Capitolo 3

79 12 28
                                    

Dopo quanto accaduto nel bosco, la nottata aveva preso una piega del tutto inaspettata e adesso Sheila si ritrovava da sola nella sua stanza, circondata da una calma e da un silenzio innaturali che le facevano accapponare la pelle. La ragazza si trovava seduta sul pavimento intenta ad osservare il Varyel, che aveva appoggiato con cura sulla parete opposta e aveva il ginocchio destro alzato sul quale aveva distrattamente poggiato il braccio, i suoi lunghi capelli erano sciolti e di tanto in tanto venivano mossi da un leggero venticello che entrava dalla finestra aperta. La stanza era illuminata dalla fioca luce della luna, che però non sembrava essere abbastanza per definire i contorni dell'intera camera e di fatto, l'unica cosa che era sotto il diretto fascio di luce, era la spada. Immersa nella penombra, la ragazza fece scivolare lo sguardo sulle dure forme dell'arma cercando di imprimersi nella sua mente le sue fattezze.

Di per sé, il Varyel non aveva nulla di straordinario: era un montante, una spada a due mani, la cui lama in acciaio sembrava lunga circa due metri, uno in più rispetto al normale. L'elsa era a crociera e i baffi terminavano con delle rientranze a forma di v sulla fine. L'impugnatura era in pelle nera e il lungo manico terminava con un pomolo d'acciaio di forma pentagonale. Le uniche tre decorazioni che erano presenti sulla spada erano due incisioni sull'elsa, una di forma romboidale posta al centro dei due baffi e l'altra a forma di goccia posta al centro del pomolo, e la grande e rovinata scritta sulla lama, che la ragazza non era in grado di comprendere.

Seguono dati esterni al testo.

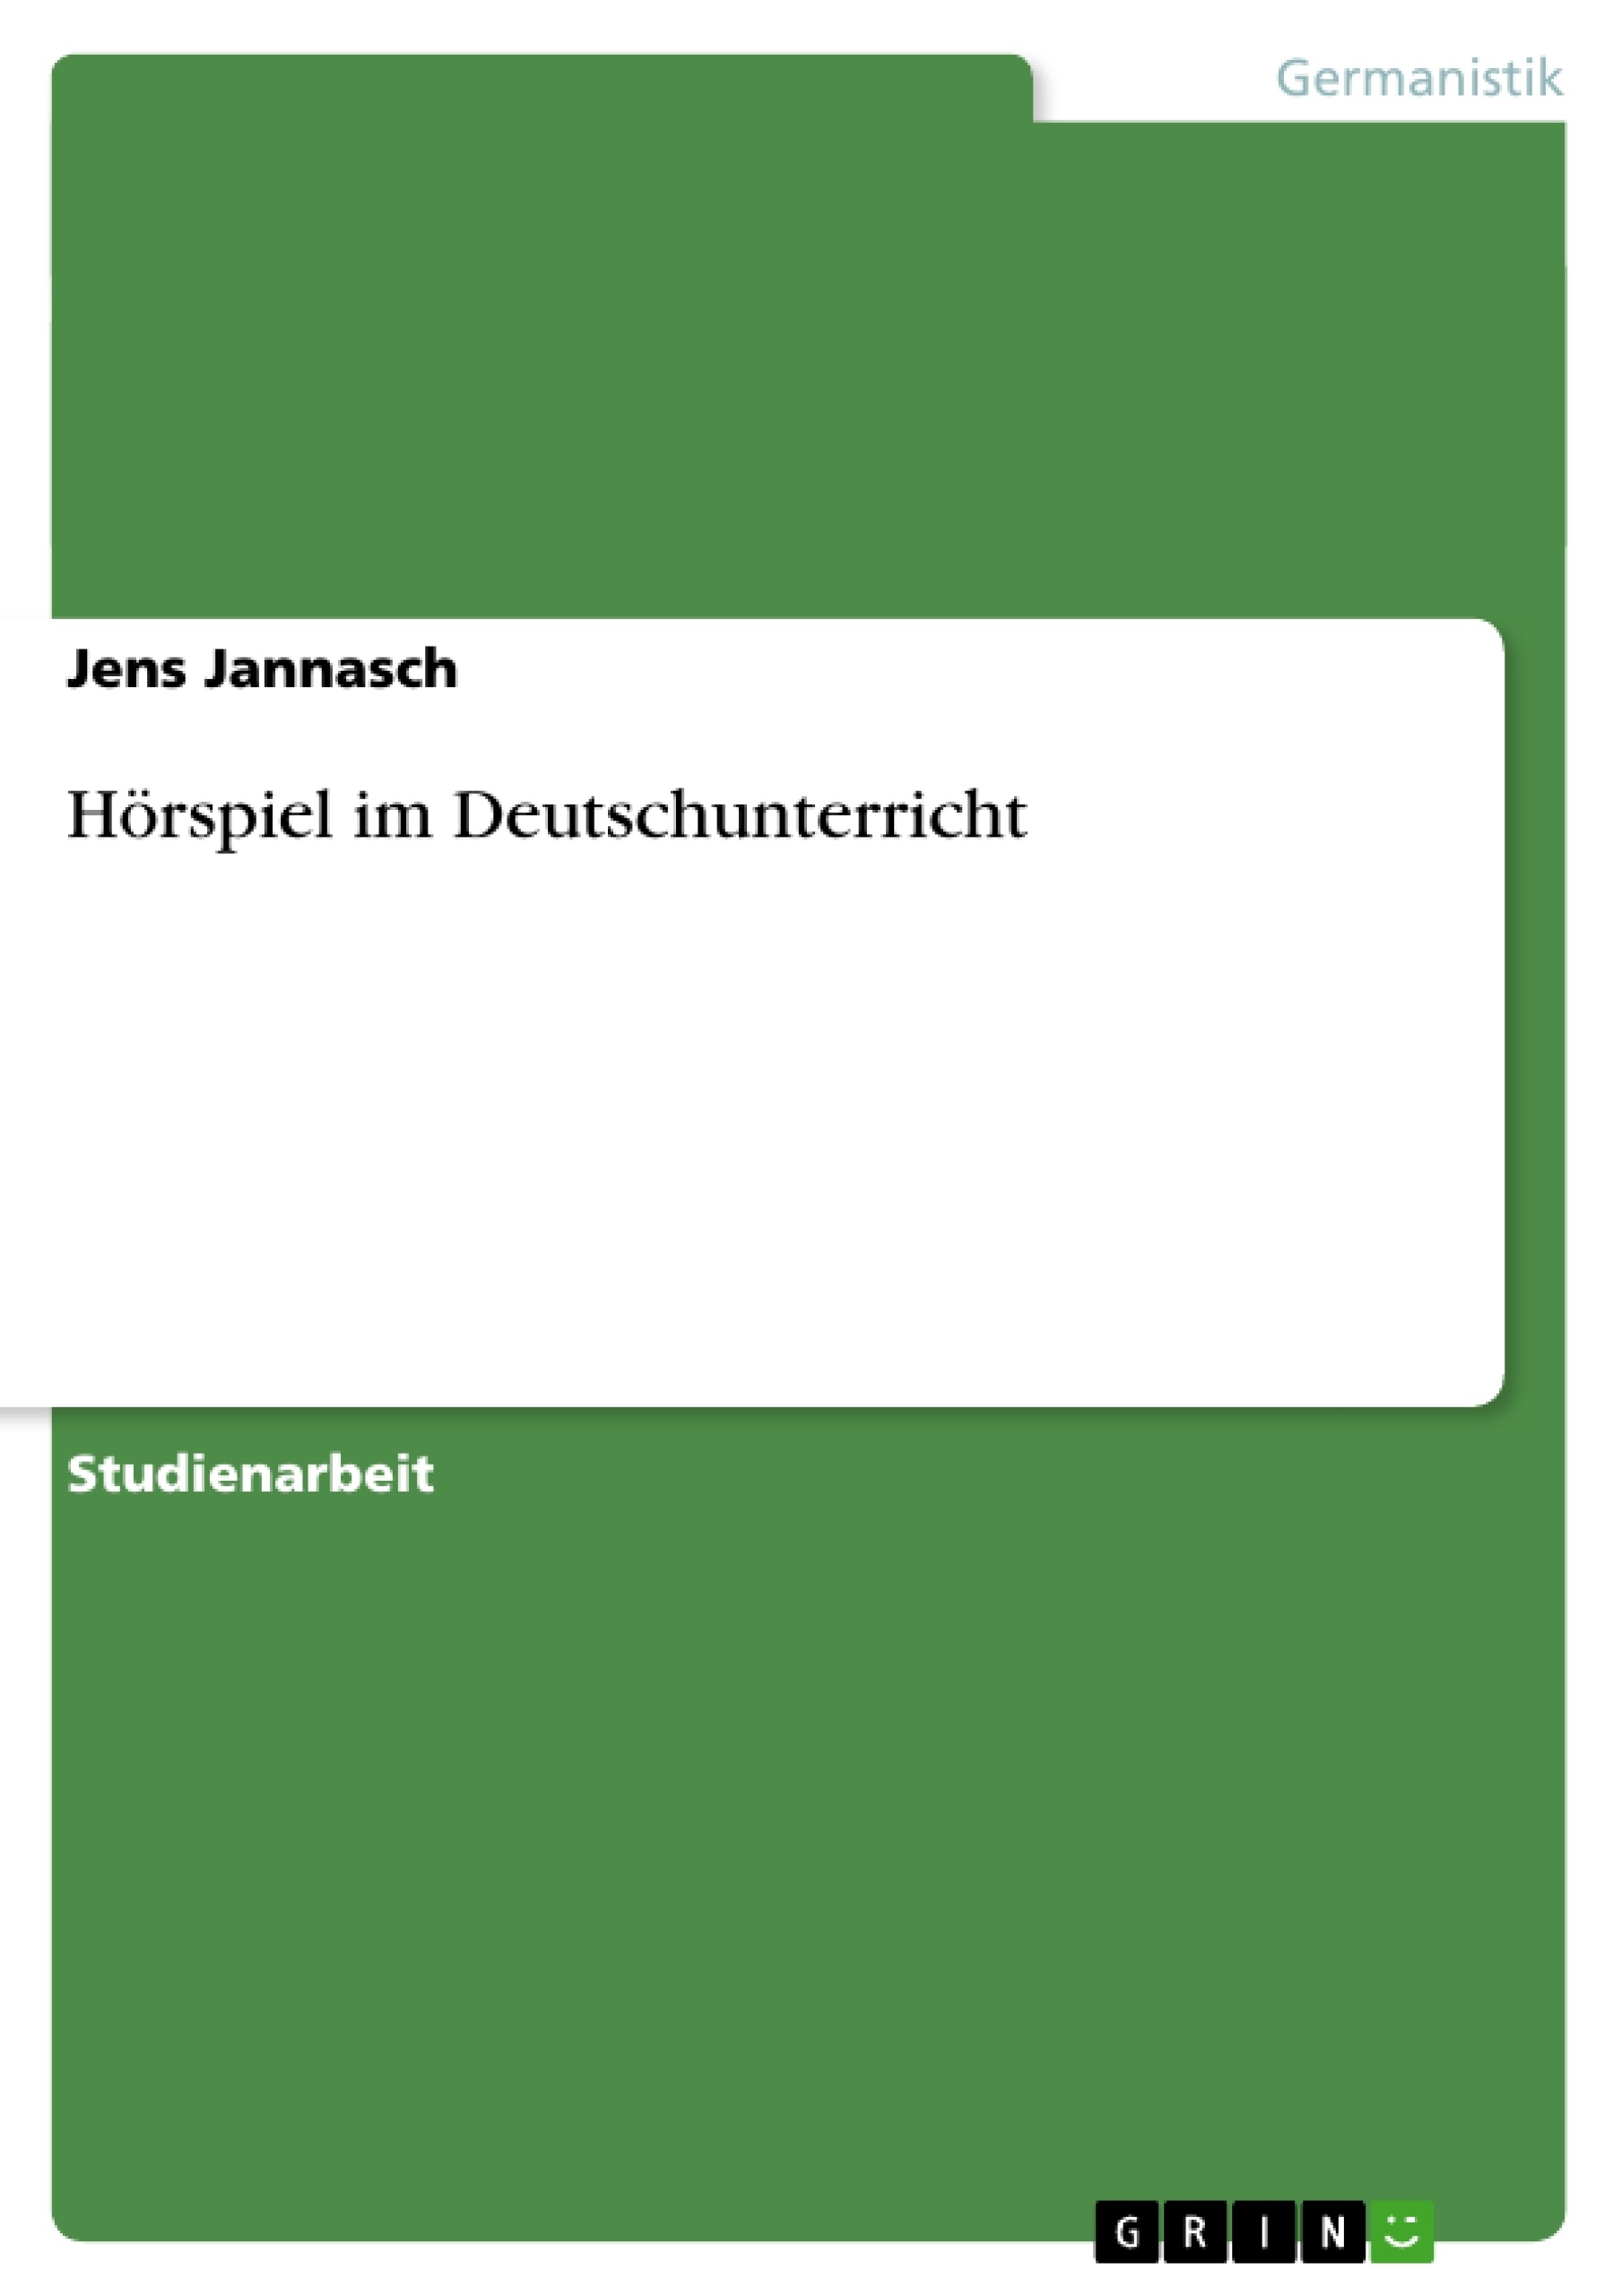 Titre: Hörspiel im Deutschunterricht

Quando aveva estratto la lama dal fondo roccioso del lago, la scritta si era illuminata di una luce color giada ma adesso, alcune ore dopo l'incidente nel bosco, aveva smesso di brillare. Qualcuno bussò alla porta e poco dopo la testa di Noah fece capolino nella stanza.
<<Ehi... posso entrare?>>
Lei annuì e il ragazzo andò a sedersi accanto a lei. Sheila sospirò e appoggiò la testa sulla spalla del fratello mentre lui l'abbracciò di lato. I due erano entrambi stanchi e Sheila avrebbe voluto rimproverare il fratello per essere ancora sveglio a quell'ora tarda della notte, ma dopo tutto quello che era successo, non ne aveva davvero la forza.

<<Come stai?>> le chiese Noah.
La ragazza si trattenne dal ridere. Dentro di lei, mille emozioni stavano combattendo una feroce battaglia l'una contro l'altra. Da un lato, era tremendamente preoccupata per i suoi genitori, scomparsi nel nulla a causa degli stessi soldati che avevano attaccato la foresta, dall'altro, era spaventata dal Varyel e da ciò che esso rappresentava: un destino oscuro e del tutto ignoto che l'avrebbe portata via da tutto ciò che amava. Sheila era indecisa su che via scegliere e continuava a domandarsi perché dovesse partire proprio in quel momento. Cosa avrebbe dovuto scegliere? La famiglia o il regno? L'amore o una gloria ipotetica? Sheila aveva sempre saputo che prima o poi il suo destino sarebbe tornato a bussare alla porta e perciò aveva già programmato di arruolarsi nell'esercito reale non appena avesse compiuto i tanto attesi diciannove anni, ma non aveva mai messo in conto che una cosa del genere potesse accadere. Che avrebbe dovuto fare? A chi avrebbe lasciato Noah adesso? Chi avrebbe atteso le fate, che erano già partite a cercare i loro genitori?

Suo fratello non poteva rimanere a casa da solo né poteva seguirlo nella sua avventura, aveva una salute troppo cagionevole e imprevedibile e poi a breve avrebbe dovuto recarsi nella capitale per proseguire i suoi studi. Il suo sogno lo attendeva ed era giusto che lui andasse.

<<Se ti riferisci alla spalla sto bene, sono solo un po' stanca.>>
Il corpo del fratello si irrigidì e Sheila notò la preoccupazione dipinta sul volto del ragazzo. Cosa avrebbe dato pur di farla sparire.
<<Questa non era la prima volta che lo incontravi vero? Eri già stata nella terra dei mostri...>>
Sheila si prese la testa fra le mani e sospirò.
<<Si, ci sono finita quando sei stato male la prima volta, è stato il cervo a riaccompagnarmi a casa... Già quella volta il re della foresta mi aveva predetto il mio destino.>>
Fra i due calò un silenzio pesante, accentuato dall'innaturale silenzio di quella notte.